Criticism of what I describe here is WELCOME!!! Please, lets dissect this, tear it apart, and make it better.   The good news is: I think I am getting control of diameters, +/- 0.0001" (tenths), on my ancient, worn out Atlas 10F lathe.  I also learned something very important about manual lathes...




					www.hobby-machinist.com
				




This thread seems to disagree with your math. But it could be that I'm misusing a word that changes the whole meaning of my statements. Curious.


----------



## rock_breaker (Dec 7, 2021)

Hello Keven T. The mounting brackets I would (will sometime) make would be for a 4way tool holder to fit my Enco 13x40 lathe. It would have three pieces, the base to be clamped in the  4way , two 1/2" thick arms perpendicular to the lathe ways and having 1.250" holes bored. The 1.250" holes would be made to clamp the 1.250" boring bar. Different size holes would require different size arms or possibly split bushings. Clear as mud, right". Will try to  make a sketch.

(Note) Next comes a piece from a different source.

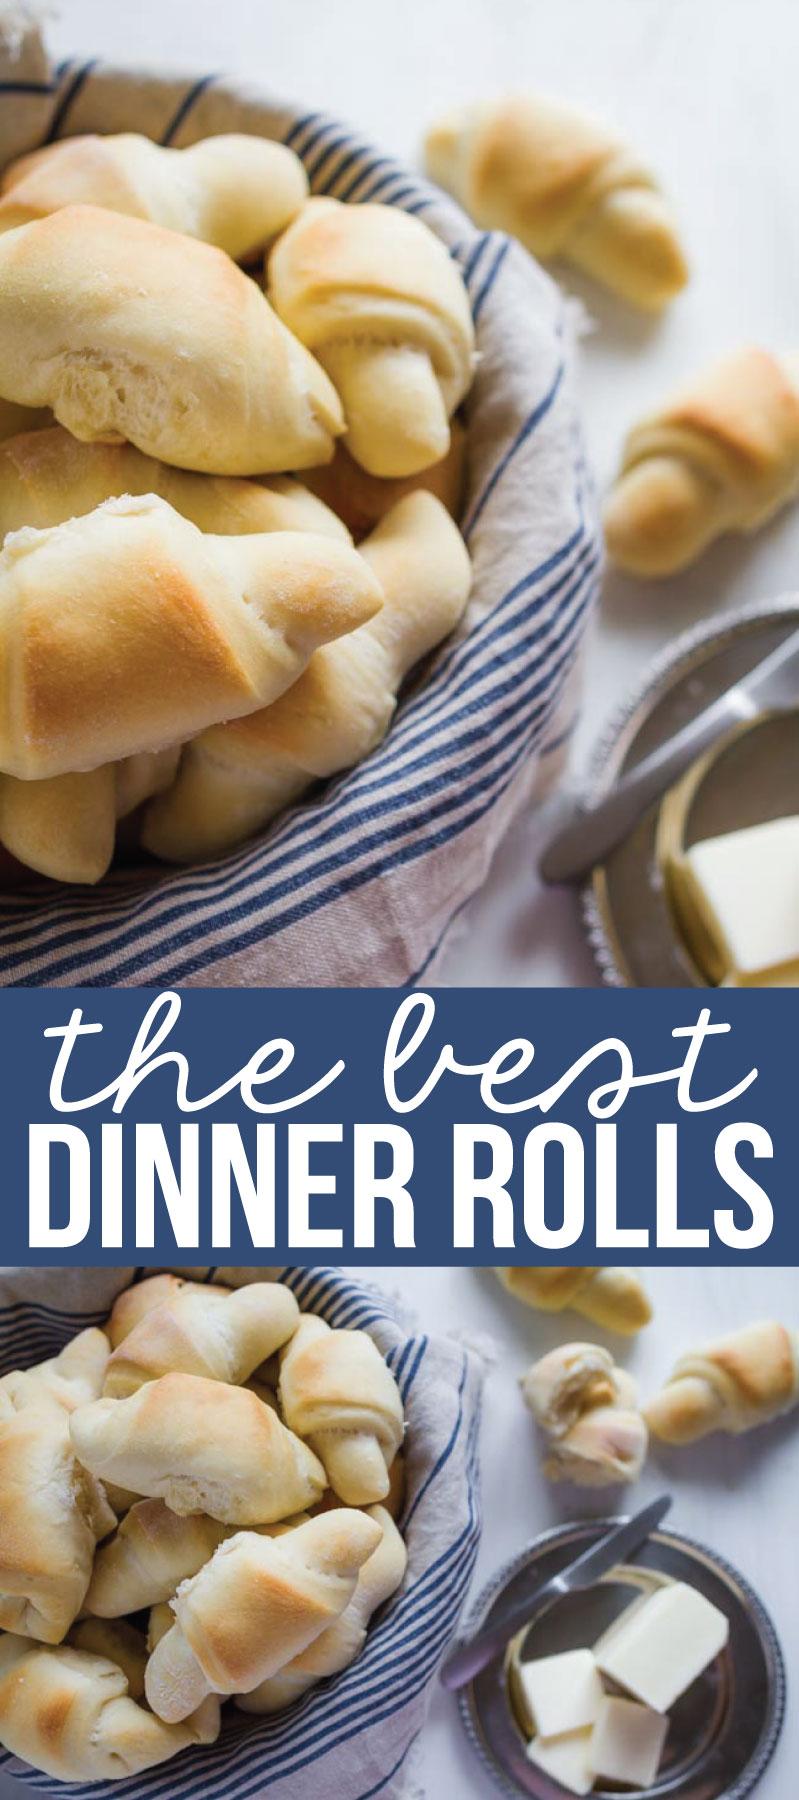 Food: The best dinner rolls - tasty, buttery, soft dinner rolls that will melt in your mouth. via www.thirtyhandmadedays.com

From your picture I think my clausing is near the same size, really a bit small for a 1.250" boring bar unless it was made to replace the compound rest. Probably not a good way to cut threads.   
Have a good day
Ray


----------



## Kevin T (Dec 7, 2021)

rock_breaker said:


> Hello Keven T. The mounting brackets I would (will sometime) make would be for a 4way tool holder to fit my Enco 13x40 lathe. It would have three pieces, the base to be clamped in the  4way , two 1/2" thick arms perpendicular to the lathe ways and having 1.250" holes bored. The 1.250" holes would be made to clamp the 1.250" boring bar. Different size holes would require different size arms or possibly split bushings. Clear as mud, right". Will try to  make a sketch.
> 
> From your picture I think my clausing is near the same size, really a bit small for a 1.250" boring bar unless it was made to replace the compound rest. Probably not a good way to cut threads.
> Have a good day
> Ray


I do have a CXA-41D that can hold it but I found a special cutter in my pile that I think will work. Your offer to help is really appreciated though. I use that holder with a double sided adapter to run 1/2 and 3/4 dia tooling or stock so I didn't recall the major ID. My lathe is a 16" x 6' FYI.


----------



## Kevin T (Dec 8, 2021)

rock_breaker said:


> Hello Keven T. The mounting brackets I would (will sometime) make would be for a 4way tool holder to fit my Enco 13x40 lathe. It would have three pieces, the base to be clamped in the  4way , two 1/2" thick arms perpendicular to the lathe ways and having 1.250" holes bored. The 1.250" holes would be made to clamp the 1.250" boring bar. Different size holes would require different size arms or possibly split bushings. Clear as mud, right". Will try to  make a sketch.
> 
> From your picture I think my clausing is near the same size, really a bit small for a 1.250" boring bar unless it was made to replace the compound rest. Probably not a good way to cut threads.
> Have a good day
> Ray



Do you mean like this vintage Willaims unit?


----------



## Kevin T (Dec 9, 2021)

Got past the hump of the collar project! It was a precarious setup without a good boring bar but I found an old lantern tool that did the job. i had to shim it in the tool holder because the shank wasn't square!








I'll probably drill the spanner holes next and then shape the OD of the part. Not sure about a knurl like the one I am replacing. I like to work close when using collets and a fresh knurl might be a hazard!


----------



## rock_breaker (Dec 10, 2021)

Again outstanding work Kevin T! The plan I am thinking of is constructed 0f all rectangular parts and is held in place by 3 5/16" set screws. Your lantern tool is better as it puts the cutting forces more directly into the lathe frame.
Not much experience with knurling tools but understand the need for strength and ease of use. 
Have a good day
Ray


----------



## Weldingrod1 (Dec 10, 2021)

Dont be afraid to skim the od of a knurl to make it less fang-y!

Sent from my SM-G892A using Tapatalk


----------



## Kevin T (Dec 16, 2021)

I realized I didn't post the finished product!  Turned out really nice. I added three spanner holes 120 degrees apart from each other which IMO is how the original should have been.







I'm calling my male thread my spindle thread master and treating it as such. I finally found a use for the printed thread protector I bought when I refurbished my machine. The only thing left to do is to steel stamp the thread size on the bottom.


----------



## rock_breaker (Dec 17, 2021)

Outstanding work!
Have a good day
Ray


----------